This guide explains the main keywords and how to generate a schema. Here we have an example of a schema for the quotes item from the tutorial.

{
  "$schema": "http://json-schema.org/draft-07/schema",
  "type": "object",
  "properties": {
    "quote": {
      "type": "string"
    },
    "author": {
      "type": "string"
    },
    "author_url": {
      "type": "string",
      "pattern": ""
    },
    "tags": {
      "type"
    }
  },
  "required": [
    "quote",
    "author",
    "author_url"
  ]
}

Settings

These are the settings used for configuring item validation:

SPIDERMON_VALIDATION_ADD_ERRORS_TO_ITEMS

Default: False

When set to True, this adds a field called _validation to the item that contains any validation errors. You can change the name of the field by assigning a name to SPIDERMON_VALIDATION_ERRORS_FIELD:

{
    '_validation': defaultdict(<class 'list'>, {'author_url': ['Invalid URL']}),
    'author': 'C.S. Lewis',
    'author_url': 'invalid_url',
    'quote': 'Some day you will be old enough to start reading fairy tales '
        'again.',
    'tags': ['age', 'fairytales', 'growing-up']
}

SPIDERMON_VALIDATION_DROP_ITEMS_WITH_ERRORS

Default: False

Whether to drop items that contain validation errors.

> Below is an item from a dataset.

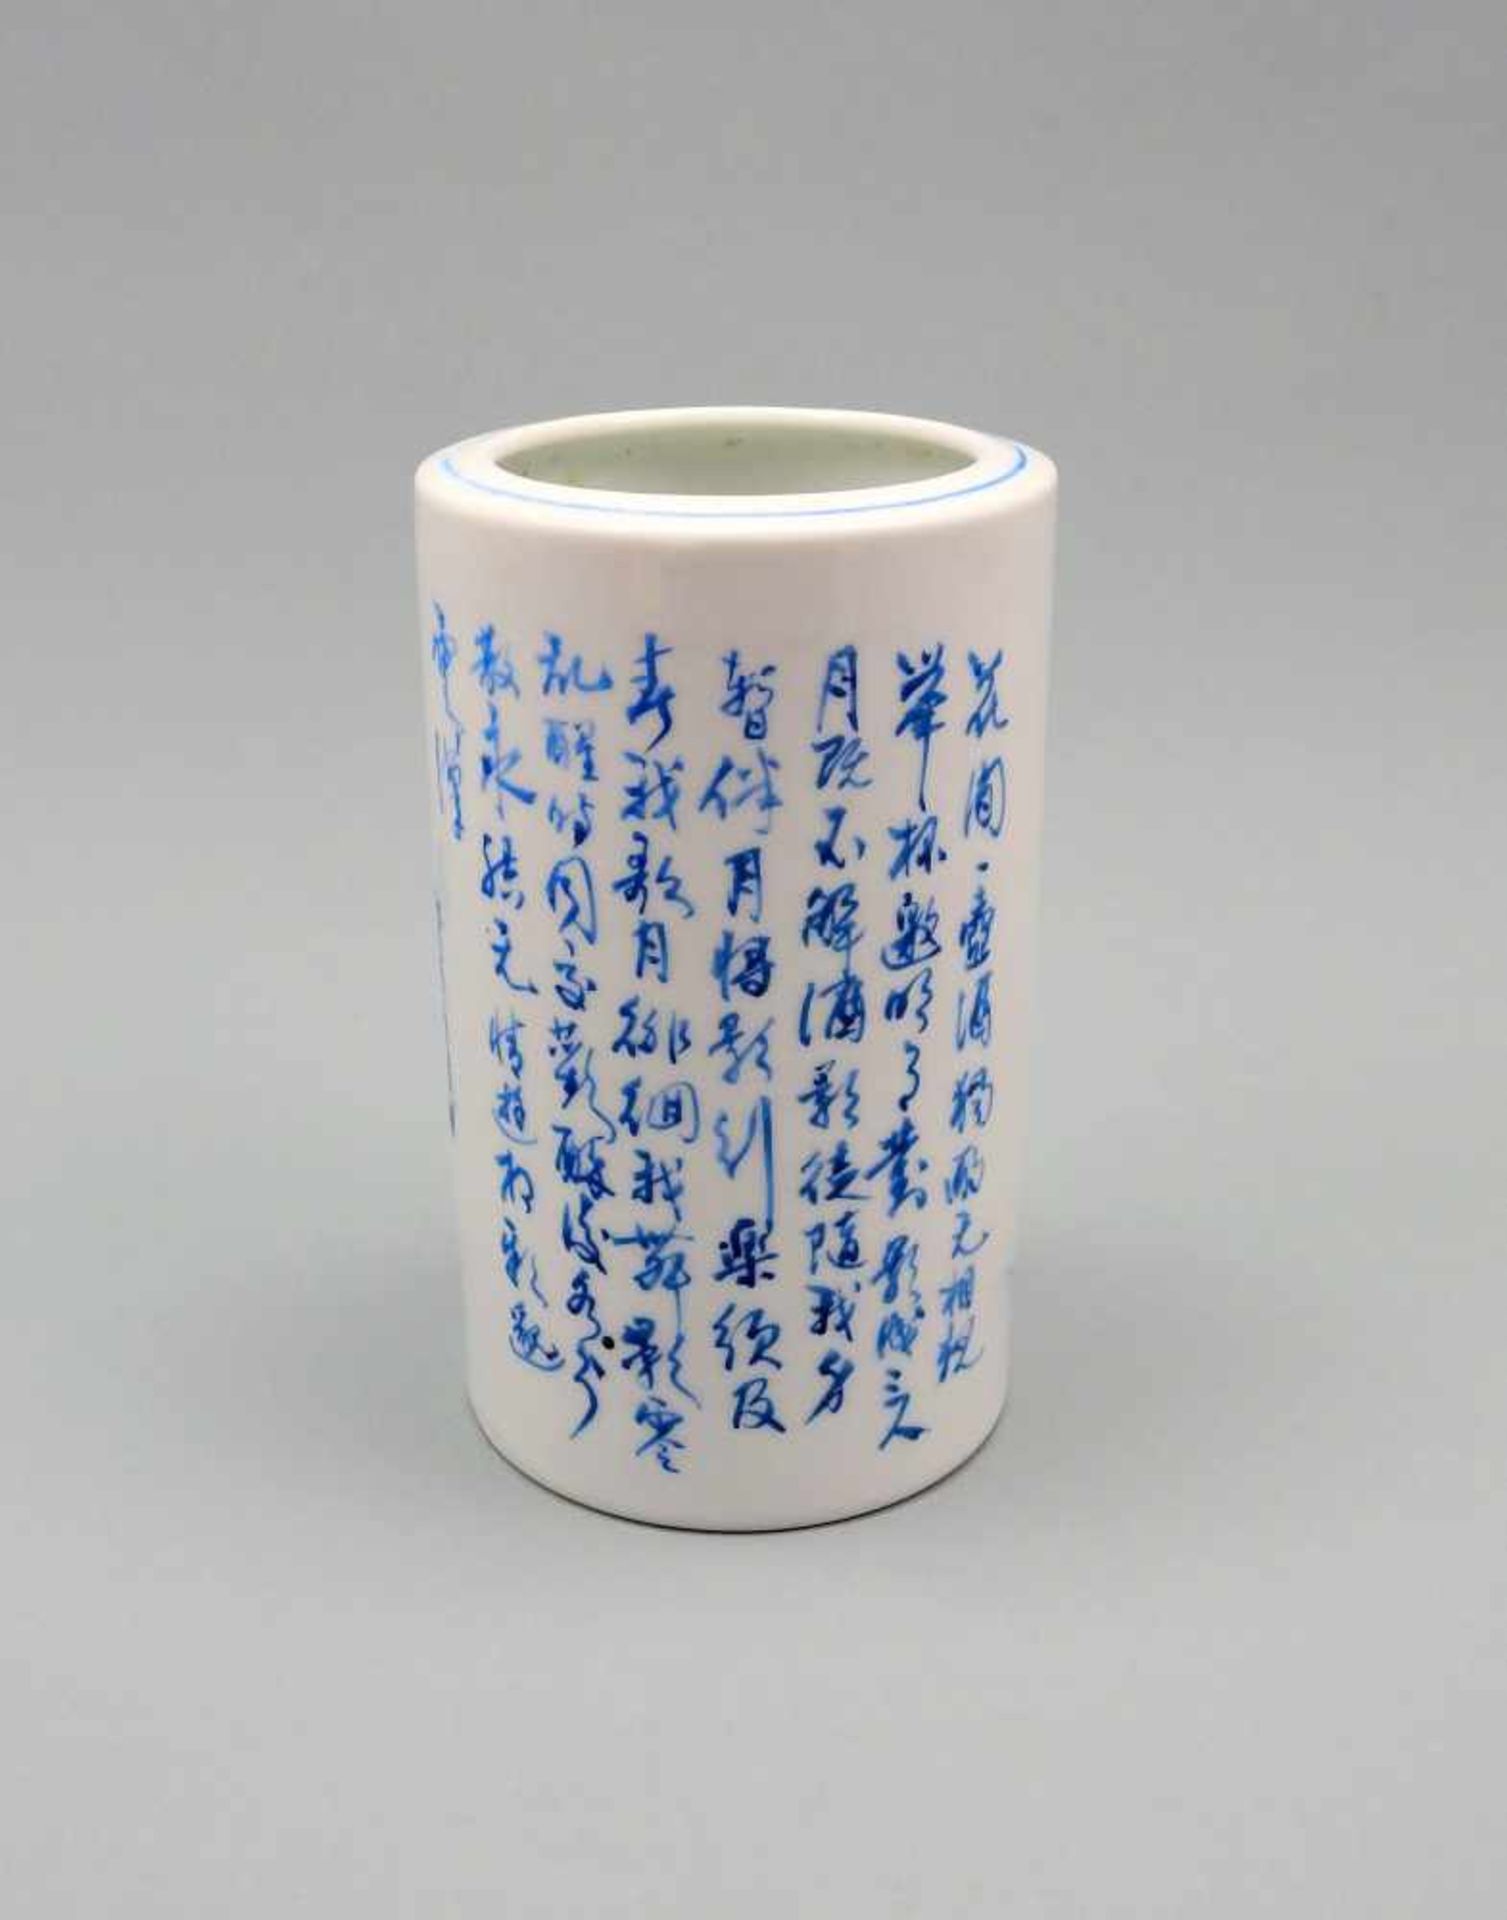 PinselwascherPorzellan, runde Vase deren Vorderseite einen chinesischen Mann in tradit - Image 3 of 5

SPIDERMON_VALIDATION_ERRORS_FIELD

Default: _validation

The name of the field added to the item when a validation error happens and SPIDERMON_VALIDATION_ADD_ERRORS_TO_ITEMS is enabled.

SPIDERMON_VALIDATION_MODELS

Default: None

A list containing the schematics models that contain the definition of the items that need to be validated.

# settings.py

SPIDERMON_VALIDATION_MODELS: [
    'myproject.validators.DummyItemModel'
]

If you are working on a spider that produces multiple items types, you can define it as a dict:

# settings.py

SPIDERMON_VALIDATION_MODELS: {
    DummyItem: 'myproject.validators.DummyItemModel',
    OtherItem: 'myproject.validators.OtherItemModel',
}

SPIDERMON_VALIDATION_SCHEMAS

Default: None

A list containing the location of the item schema. Could be a local path or a URL.

# settings.py

SPIDERMON_VALIDATION_SCHEMAS: [
    '/path/to/schema.json',
    's3://bucket/schema.json',
    'https://example.com/schema.json',
]

If you are working on a spider that produces multiple items types, you can define it as a dict:

# settings.py

SPIDERMON_VALIDATION_SCHEMAS: {
    DummyItem: '/path/to/dummyitem_schema.json',
    OtherItem: '/path/to/otheritem_schema.json',
}

Validation in Monitors

You can build a monitor that checks the validation problems and raises errors if there are too many. You can base it on spidermon.contrib.monitors.mixins.ValidationMonitorMixin which provides methods that can be useful for this. There are 2 groups of methods, for checking all validation errors and specifically for checking missing_required_field errors. All of these methods rely on the job stats, reading spidermon/validation/fields/errors/* entries.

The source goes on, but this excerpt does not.